Letzte Änderung: 19.08.2001

 

BMI-Rundschreiben D I 5 -213 100 - 1/1f vom 17.07.2001

(Meine Kommentare in "rot" und "kursiv")

Mit dieser Verfügung wurden Änderungen der Hinweise des BMI bekannt gegeben.
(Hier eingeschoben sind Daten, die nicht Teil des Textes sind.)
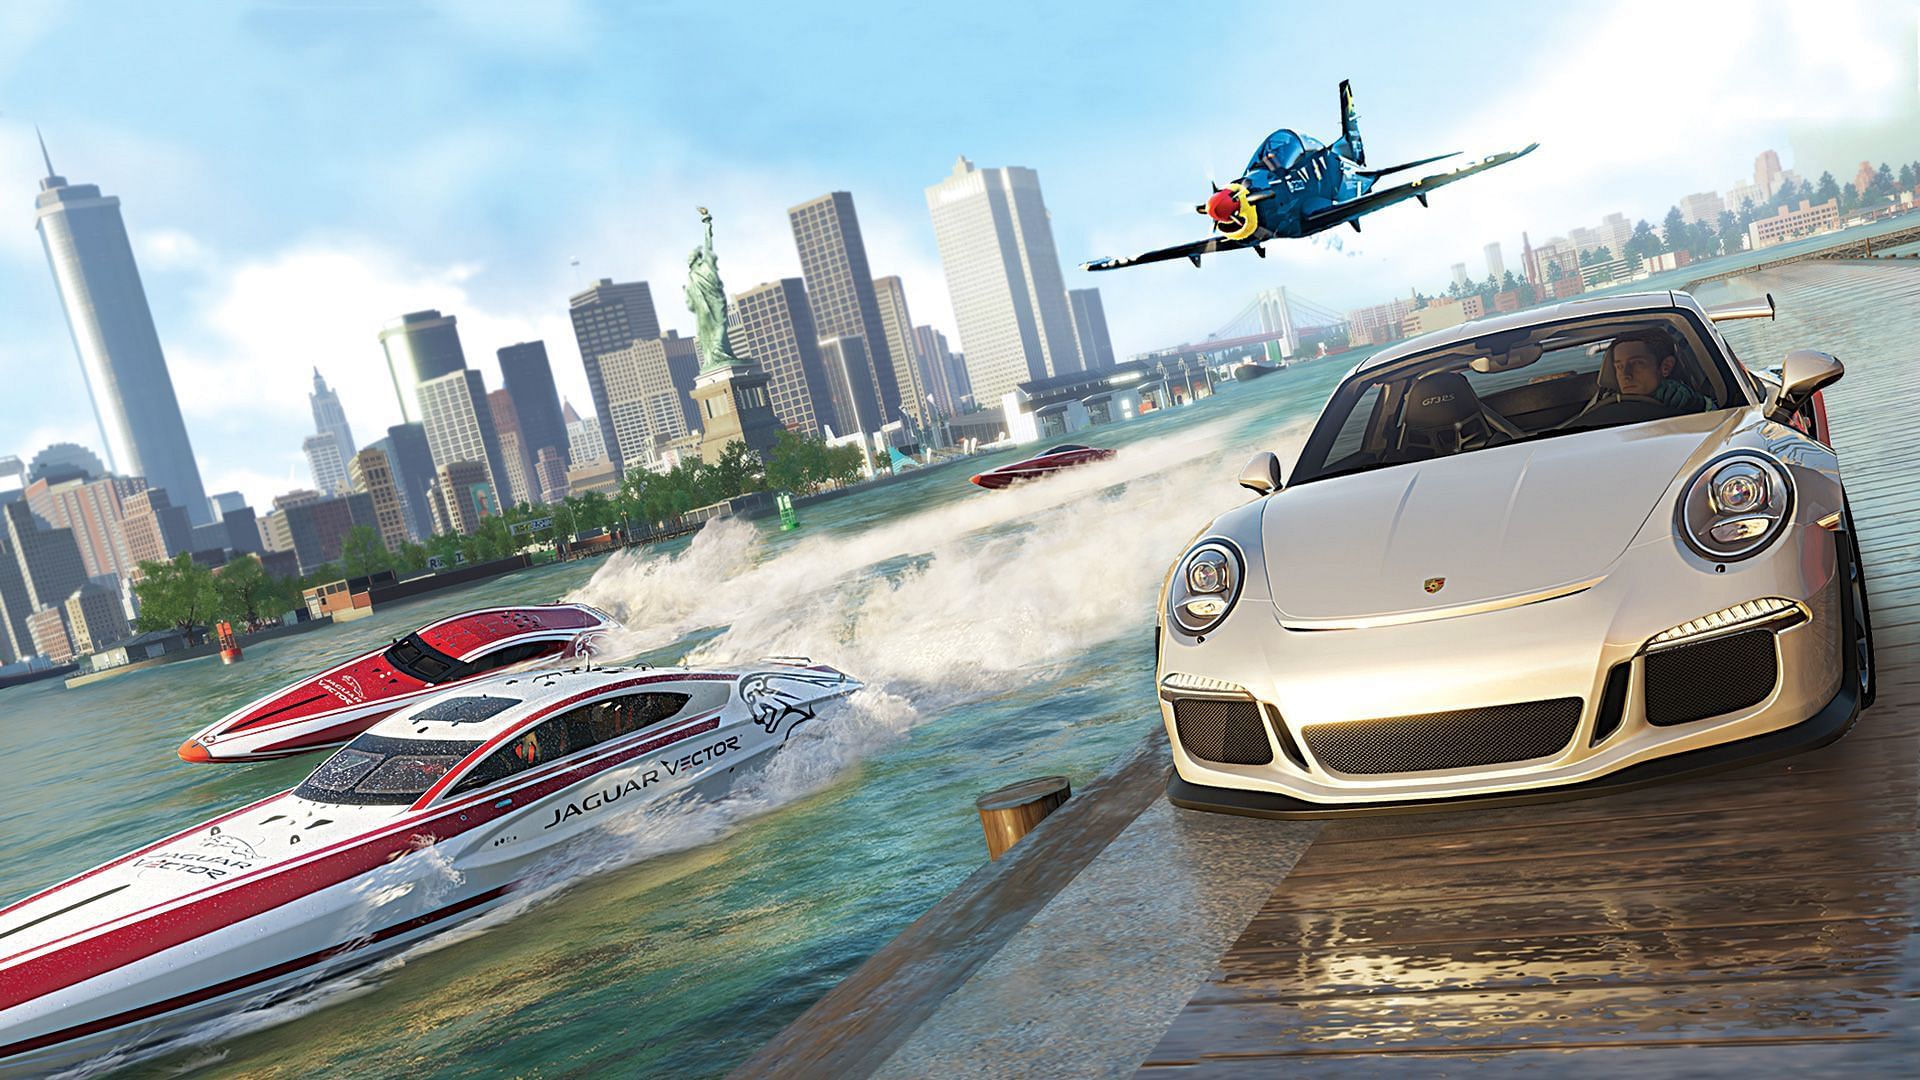 The Crew 2 also has motorcycles, boats, and airplanes (Image via Ubisoft)

Die Verfügung wird nur auszugsweise zitiert:

Betreff: Beihilfevorschriften des Bundes (BhV);
Bezug: Fünfundzwanzigste allgemeine Verwaltungsvorschrift zur Änderung der BhV vom 20. Februar 2001, GMBl S. 186

Die Hinweise zu den Beihilfevorschriften werden wie folgt geändert:

1. Als Hinweis zu § 4 Abs. 5 wird neu aufgenommen:

"Zu Absatz 5

Wird einem teilzeitbeschäftigten, berücksichtigungsfähigen Angehörigen eines Beamten der auf Grund Tarifvertrags zustehende Anspruch auf Beihilfe in Krankheits-, Geburts- und Todesfällen entsprechend dem Umfang der Arbeitszeit gequotelt, besteht Anspruch auf Beihilfe über den beamteten Ehegatten, wenn die sonstigen beihilferechtlichen Voraussetzungen (z.B. § 5 Abs. 4 Nr. 3) erfüllt sind. Von den beihilfefähigen Aufwendungen ist die auf Grund Tarifvertrag zustehende Beihilfe in Abzug zu bringen (§ 5 Abs. 3 Satz 1). § 5 Abs. 4 Nr. 7 findet keine Anwendung."

 

 

2. Die Hinweise zu § 5 Absatz 1 werden wie folgt geändert:

a) In Nummer 1 werden die Wörter "ärztliche und zahnärztliche Leistungen" durch die Wörter "ärztliche, zahnärztliche und psychotherapeutische Leistungen" ersetzt.


b) Nach Nummer 4.2 wird Nummer 4.3 eingefügt:

"4.3 Die Angemessenheit der Aufwendungen für Leistungen Psychologischer Psychotherapeuten und Kinder- und Jugendlichenpsychotherapeuten bei Privatbehandlung richtet sich nach der GOÄ mit der Maßgabe, dass Vergütungen nur für Leistungen berechnungsfähig sind, die in den Abschnitten B und G des Gebührenverzeichnisses der GOÄ aufgeführt sind - § 1 Abs. 2 Gebührenordnung für Psychologische Psychotherapeuten und Kinder- und Jugendlichenpsychotherapeuten (GOP) vom 8. Juni 2000, veröffentlicht im BGBl. I S. 818 -. Dabei handelt es sich insbesondere um folgende Gebührenziffern:

Abschnitt B der GOÄ: 1, 3, 4, 34, 60, 70 (ausgenommen Dienst- bzw. Arbeitsunfähigkeitsbescheinigungen), 75, 80, 85, 95;

Abschnitt G der GOÄ: 808, 835, 845, 846, 847, 855, 856, 857, 860, 861, 862, 863, 864, 865, 870, 871.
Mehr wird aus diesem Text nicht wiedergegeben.